とある居酒屋でお品書きに「木の芽和え」とあったので、「『きのめあえ』をください」と言ったら、同席していた者からもお店の店主からもほとんど同時に、「『このめあえ』でしょ」と言われたことがある。「木の芽」とはサンショウの新芽のことで、「木の芽和え」はサンショウの新芽に、味噌や砂糖などをすりまぜて、肉や野菜などをあえたものをいう。
 負け惜しみでも何でもなく「このめあえ」と言うことももちろん知っていたのだが、自分の中では「きのめ」と言うか「このめ」と言うかで揺れていて、そのときの気分で適当に使っているような気がする。
 私自身はそうであるが、一般的な言い方はどちらなのであろうか。
 「木の~」という形の語は、「木」を「き」と読むか「こ」と読むのかふた通りがある。たとえば、「木の香」「木の根」などは「きの~」と読み、「木の間」は「この~」と読むのがふつうである。だが、「木の葉」「木の実」などは、「きの~」とも「この~」とも読まれる。

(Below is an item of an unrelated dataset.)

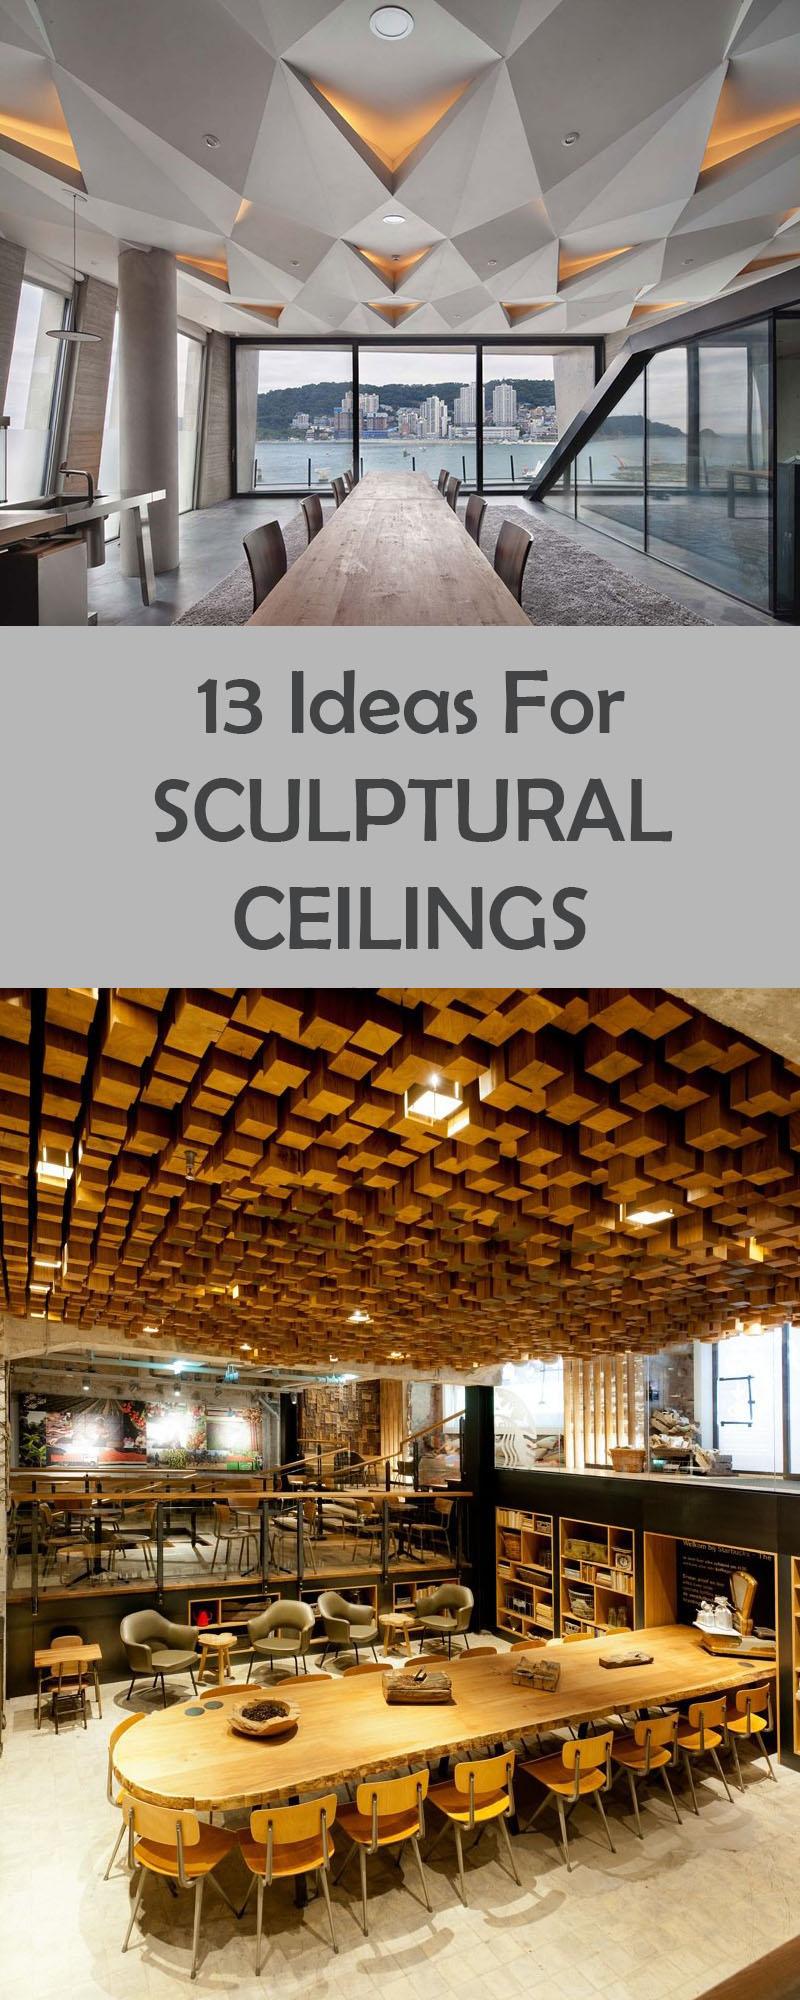 13 Ideas For Sculptural Ceilings

 「き」も「こ」も「木」という漢字の訓読みではあるが、「き」は単独で使われることもあるが、「こ」は他の語と複合して使われることが多く、単独で使われることはほとんどない。たとえば、「こもれび(木漏れ日)」や「こぬれ(木末)」などである。
 「きのめ」「このめ」の場合、国語辞典ではどちらも見出し語として載せているものがほとんどだが、特に以下の辞典には踏み込んだ記述がある。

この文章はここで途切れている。